### RECORDS SUPPLIED ###

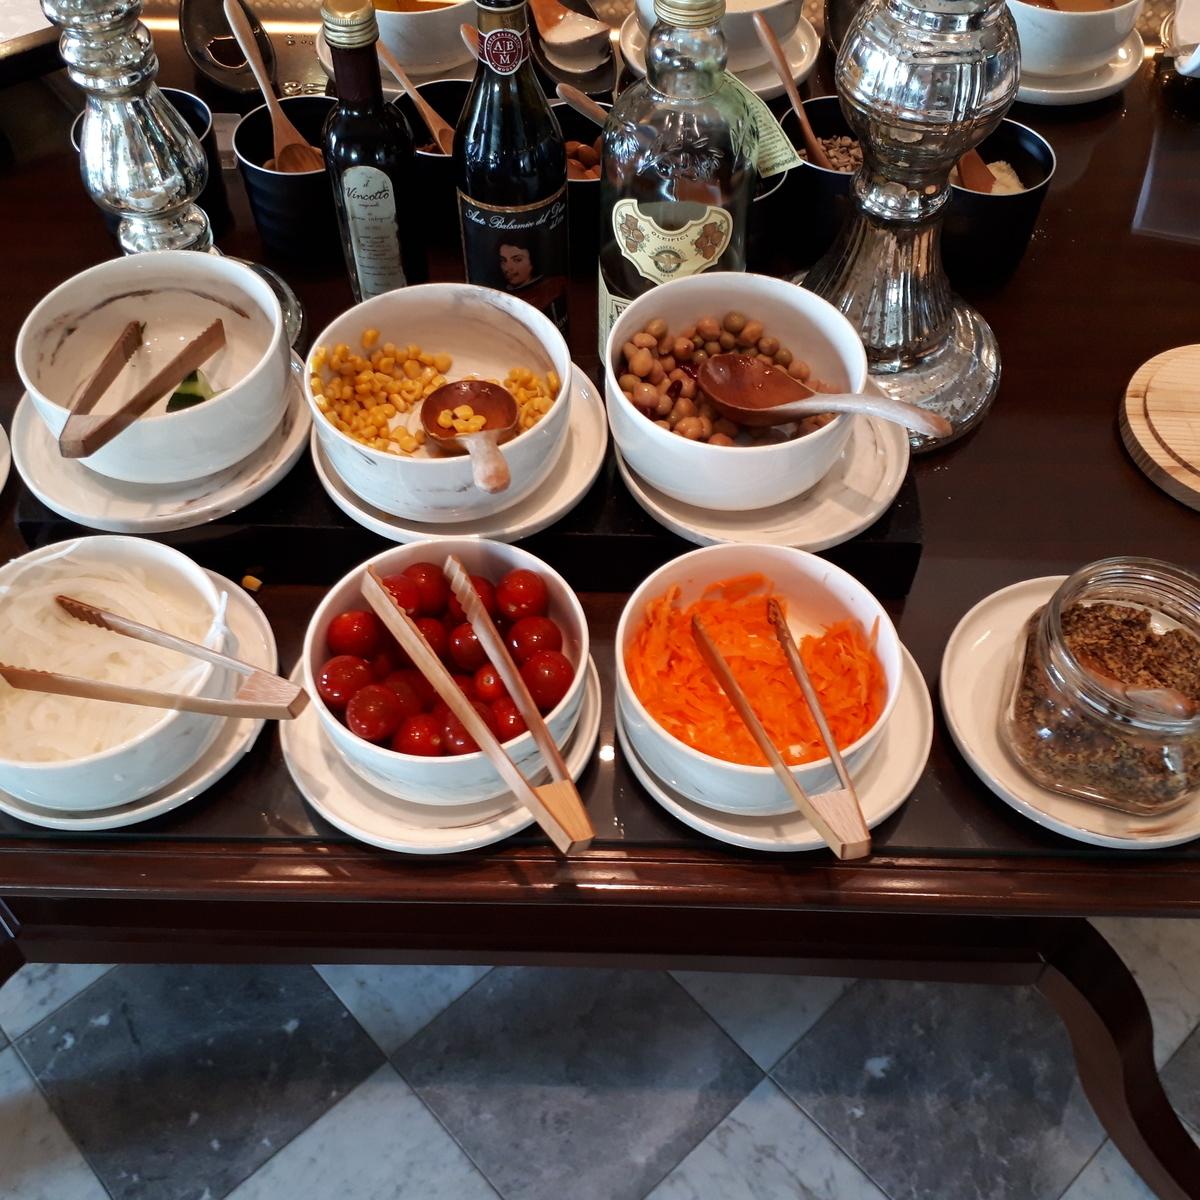 リッツカールトン大阪 クラブラウンジ 朝食 サラダ
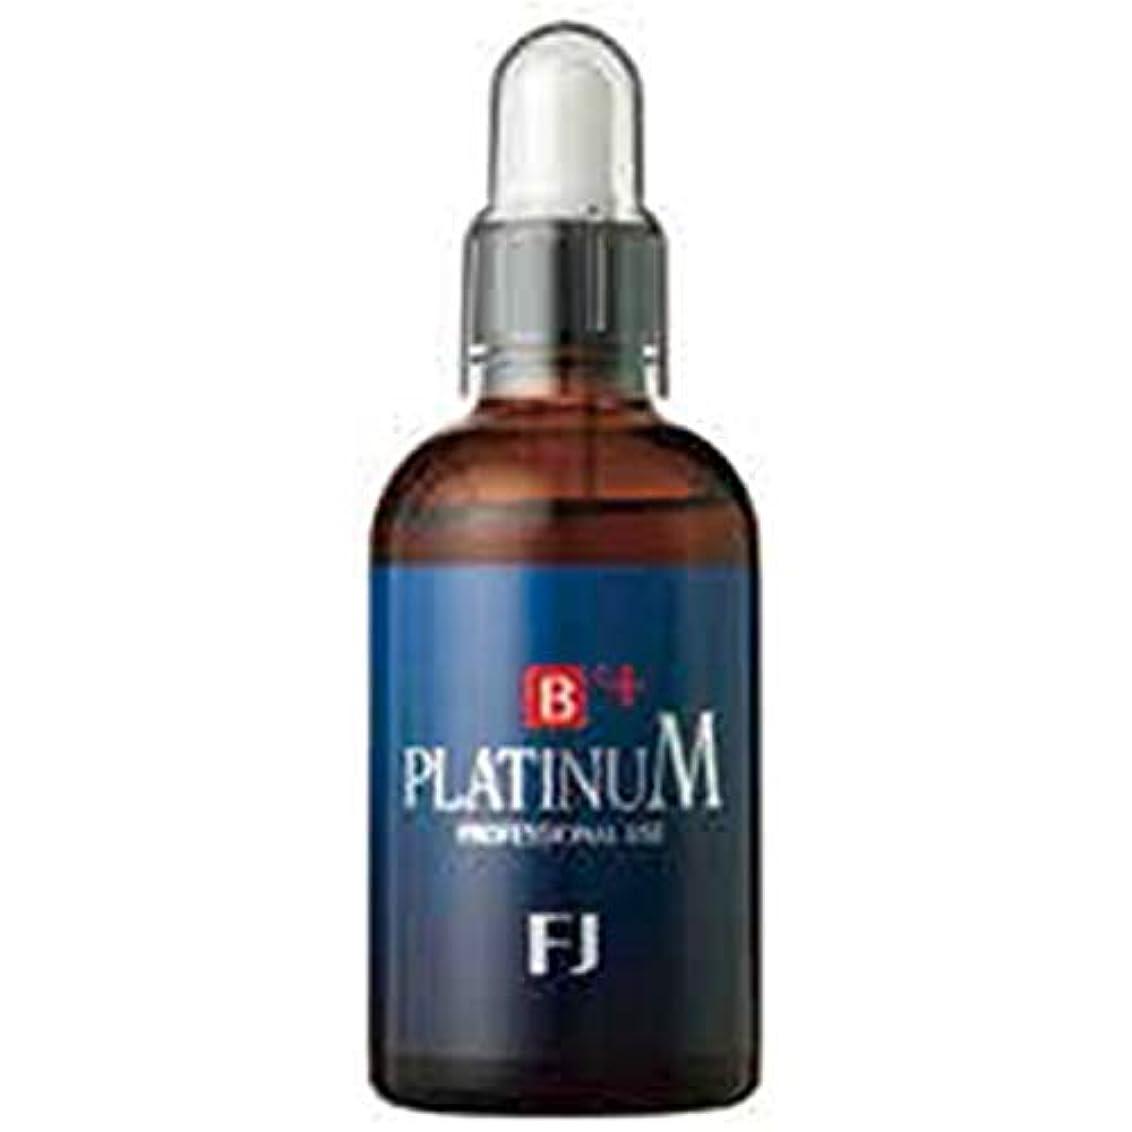 アリ作り踏み台【ビューティー プラチナム】 PLATINUM B'+  フォスファチジルコリン20%高濃度美容液  :100ml
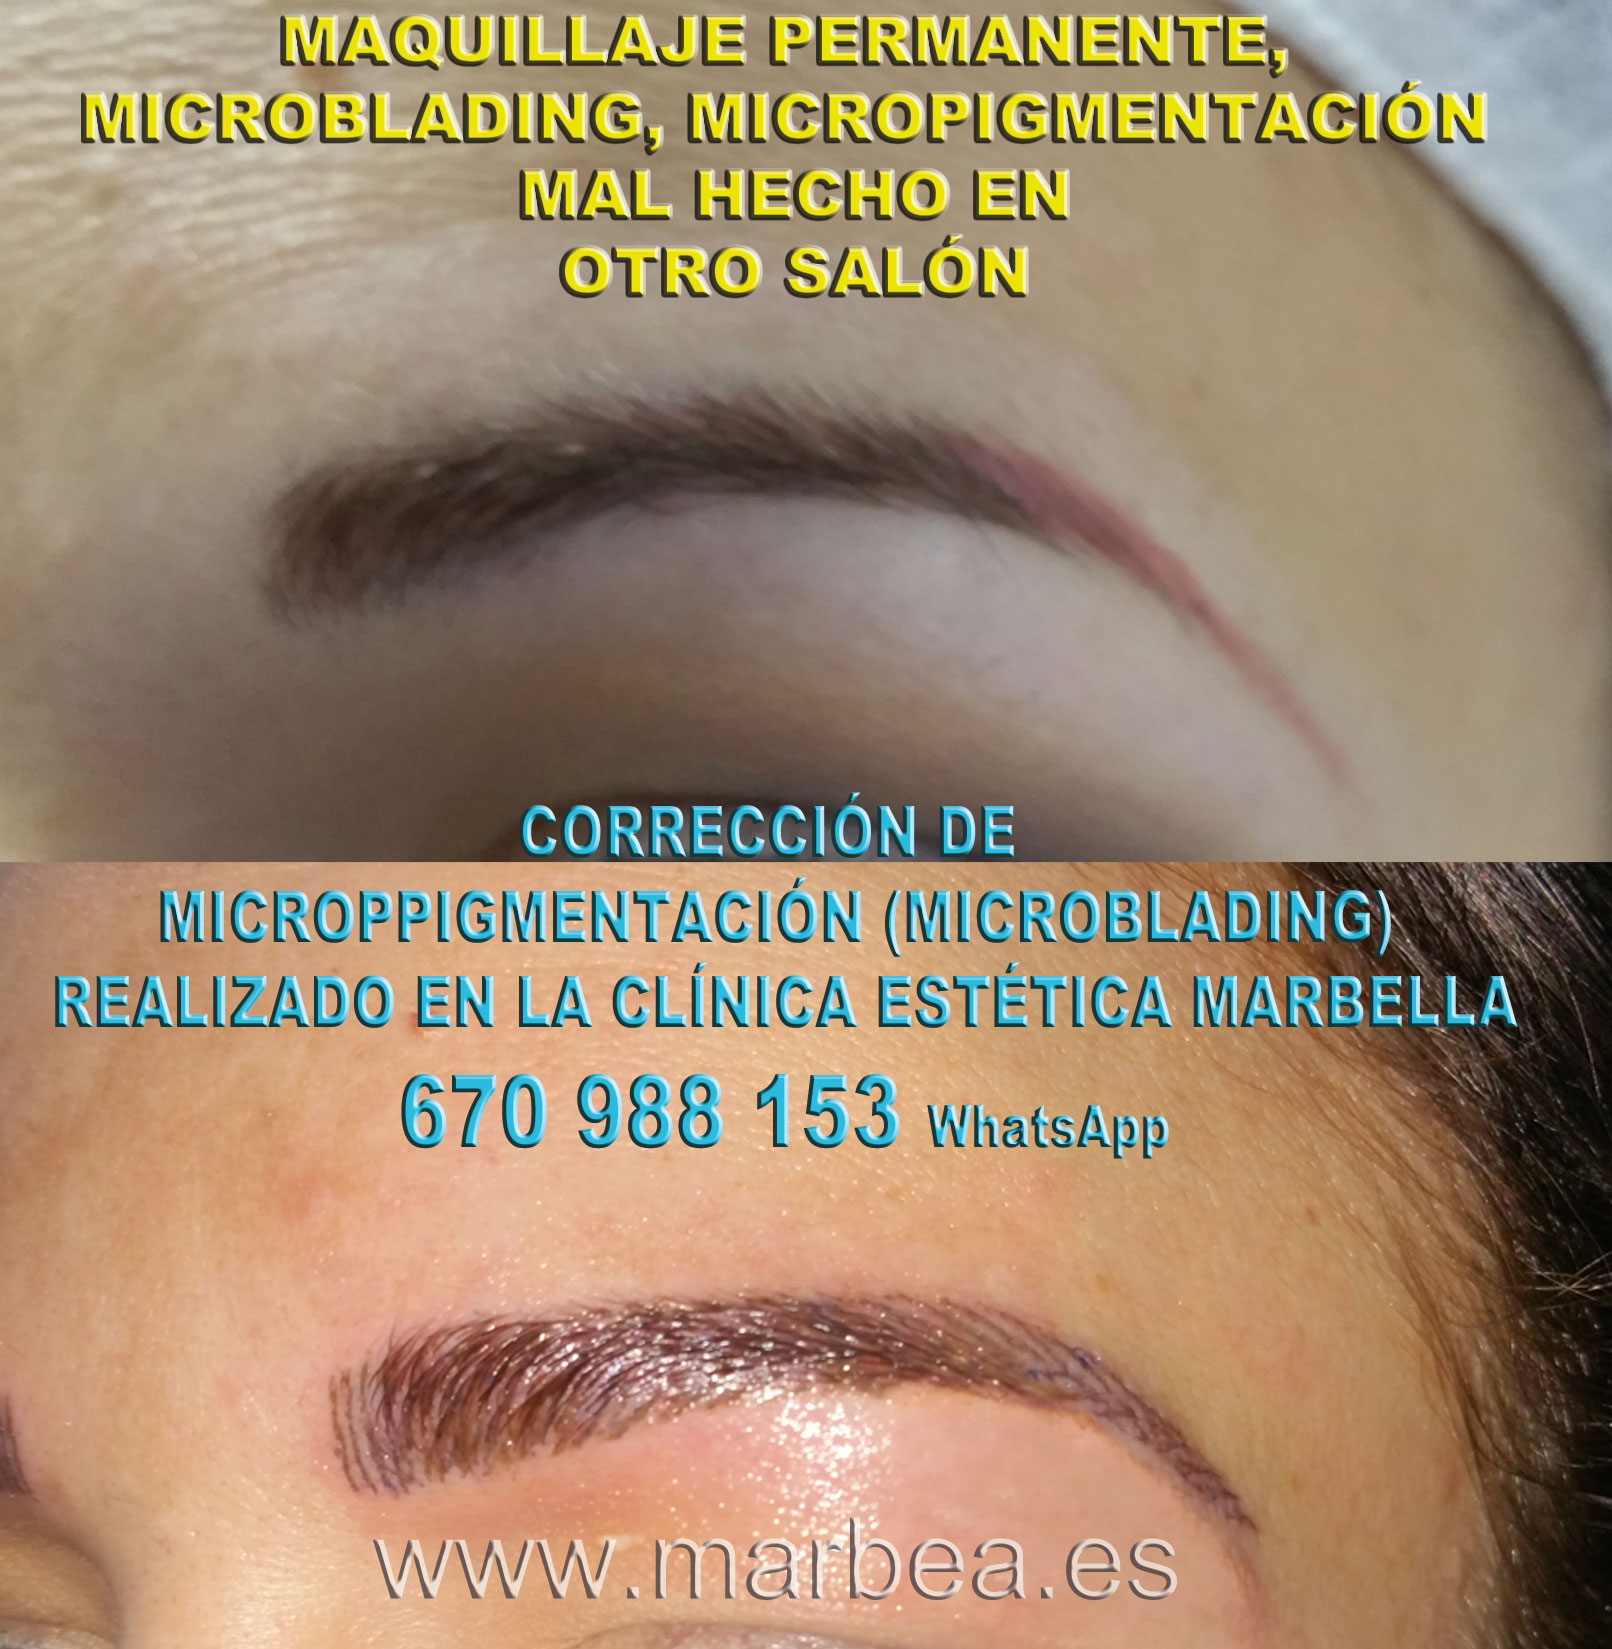 MAQUILLAJE PERMANENTE CEJAS MAL HECHO clínica estética microblading ofrece eliminar la micropigmentación de cejas,corregir micropigmentación mal hecha
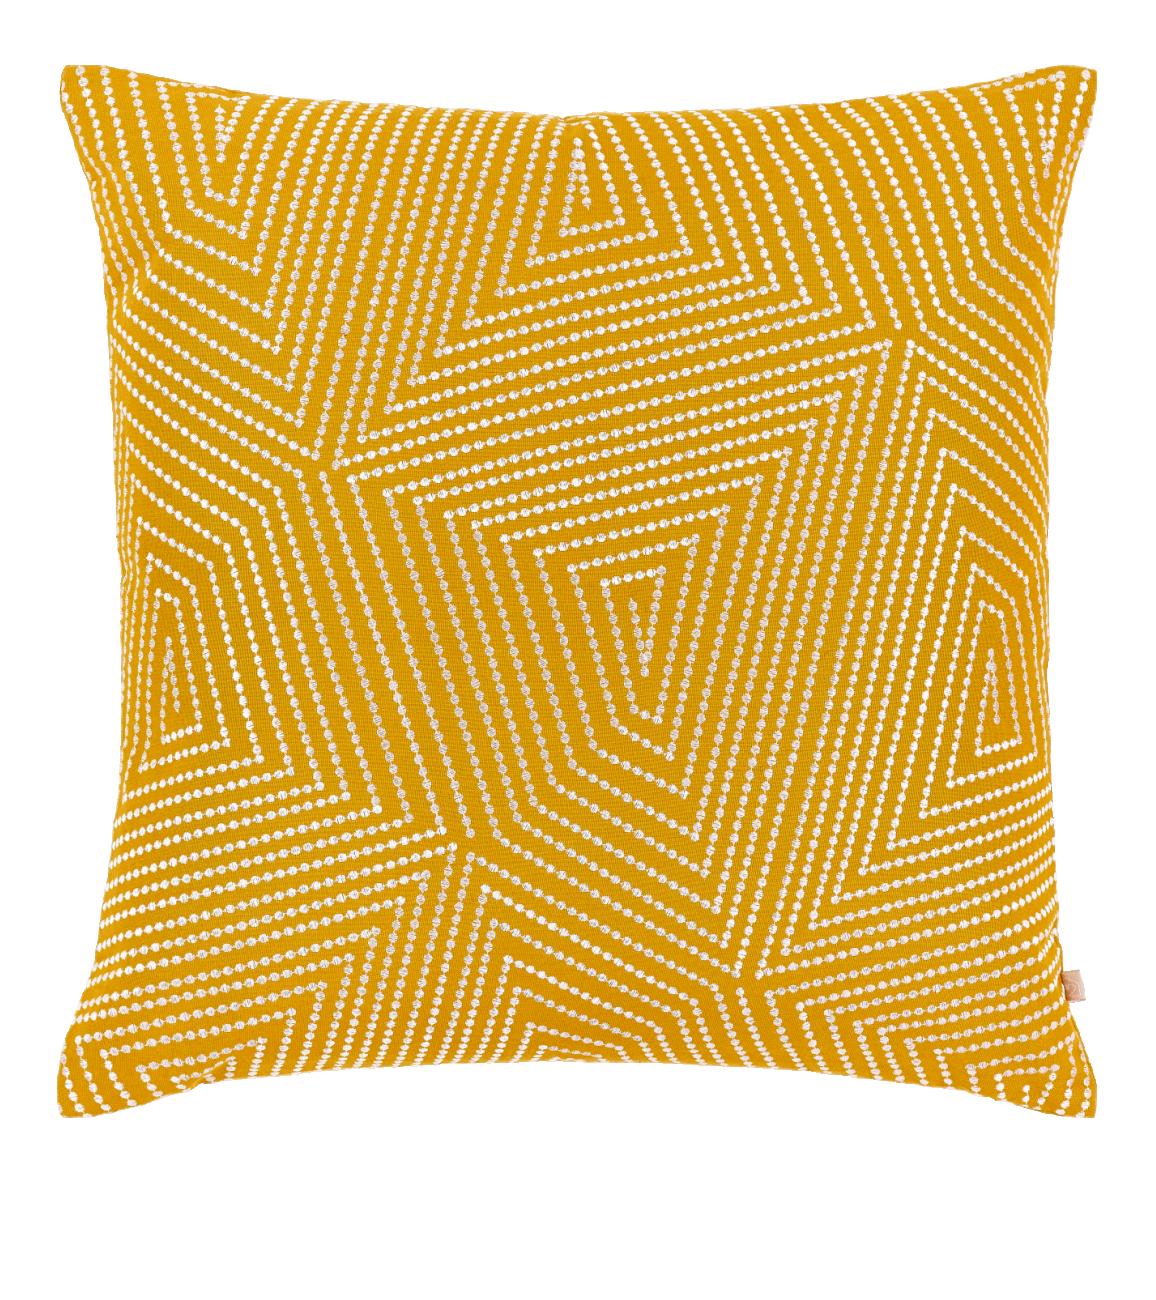 die besten 25 kissen gelb ideen auf pinterest kissen. Black Bedroom Furniture Sets. Home Design Ideas
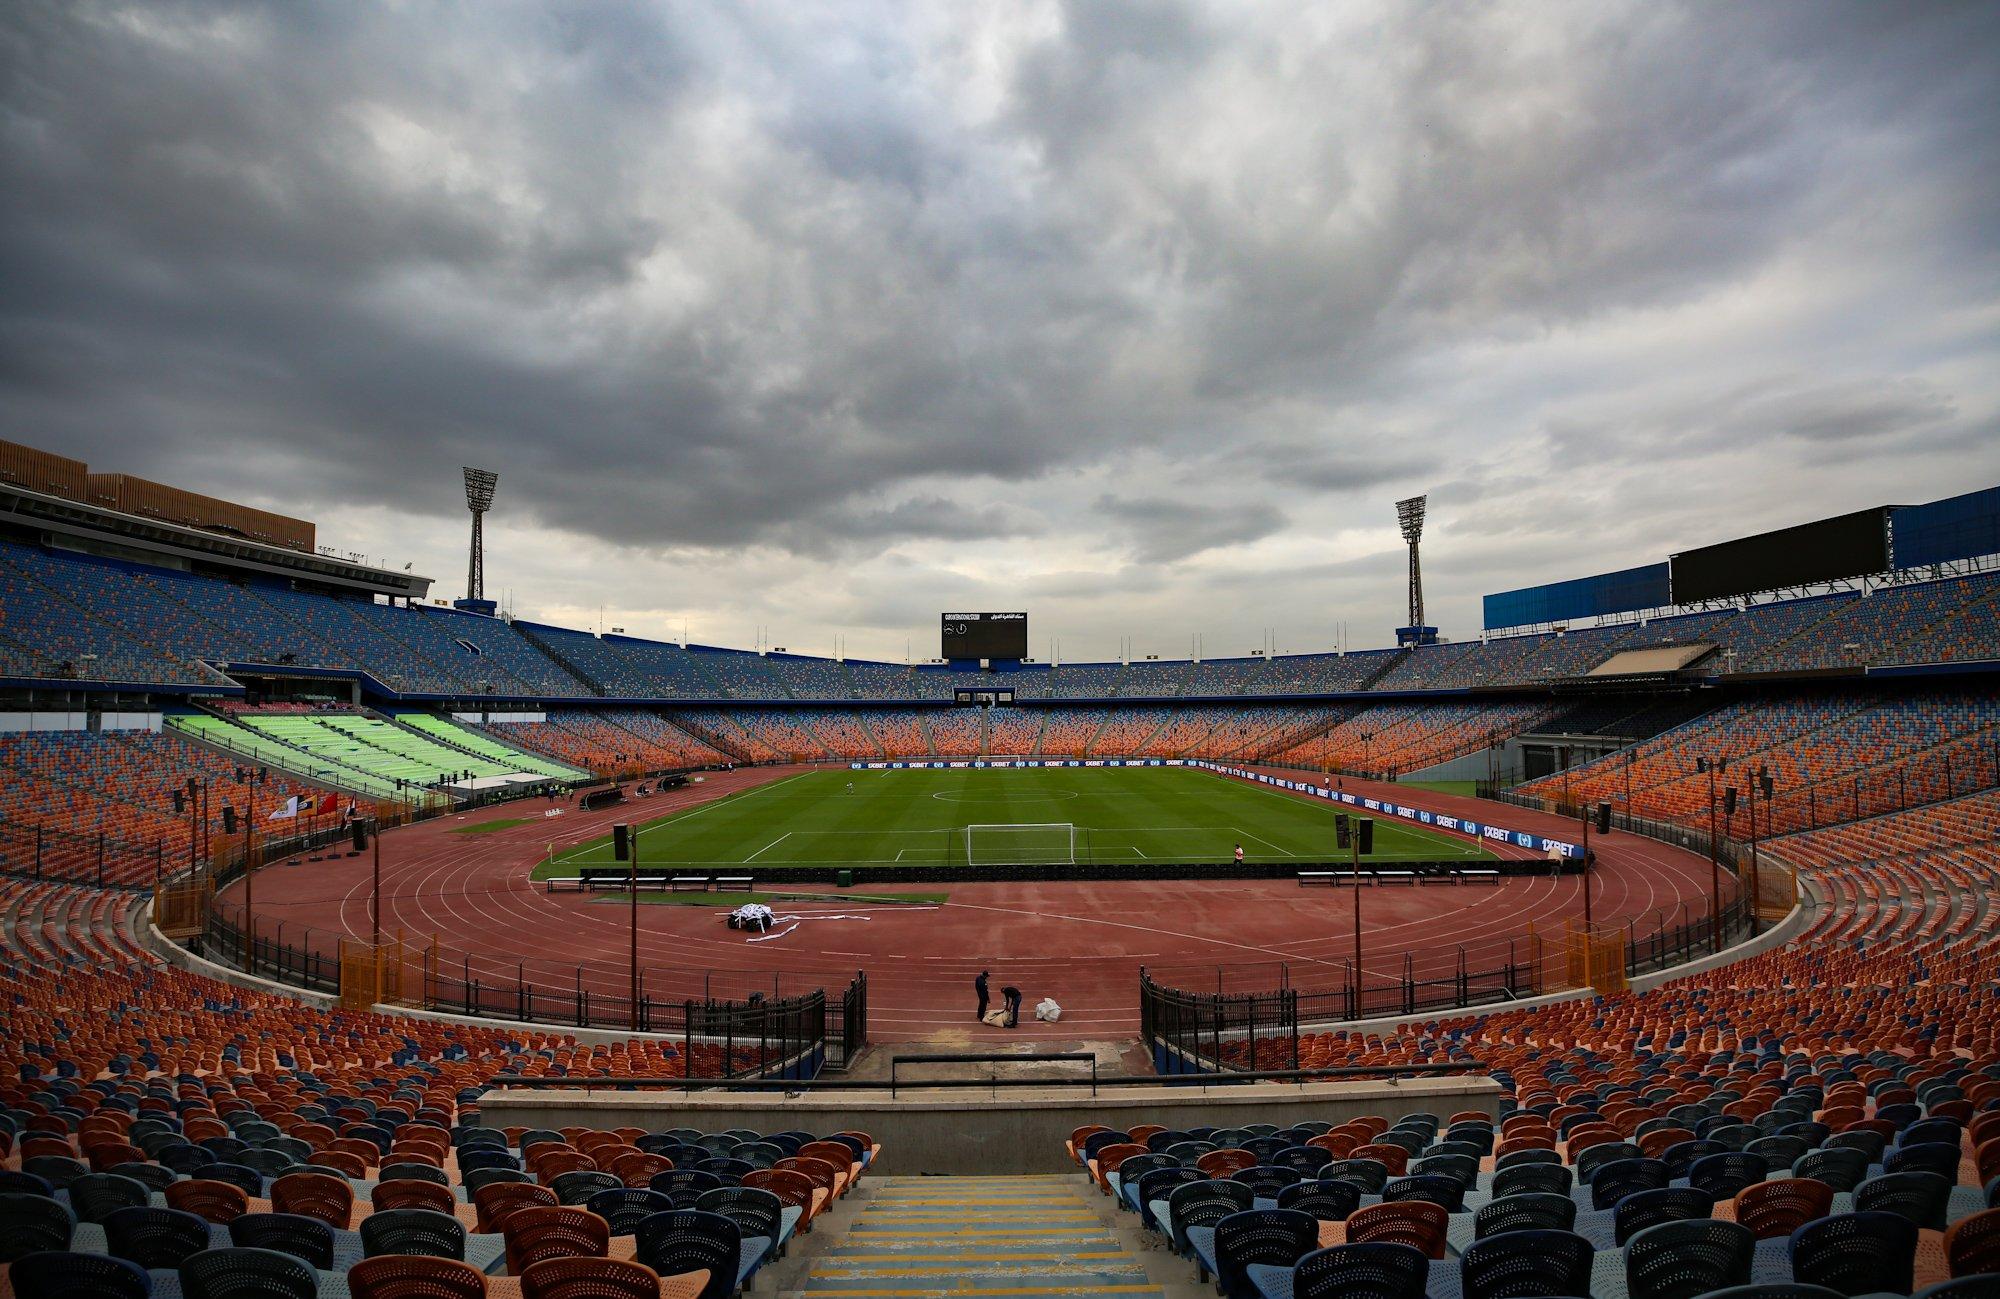 ستاد القاهرة قبل ساعات من مباراة الزمالك والرجاء

###

TASK OBJECTIVE ->
Write the full listing out again with every line unchanged, but include no pictures.

ANSWER SECTION ->
 リッツカールトン大阪 クラブラウンジ 朝食 サラダ
 アリ作り踏み台【ビューティー プラチナム】 PLATINUM B'+  フォスファチジルコリン20%高濃度美容液  :100ml
 MAQUILLAJE PERMANENTE CEJAS MAL HECHO clínica estética microblading ofrece eliminar la micropigmentación de cejas,corregir micropigmentación mal hecha
 die besten 25 kissen gelb ideen auf pinterest kissen. Black Bedroom Furniture Sets. Home Design Ideas
 ستاد القاهرة قبل ساعات من مباراة الزمالك والرجاء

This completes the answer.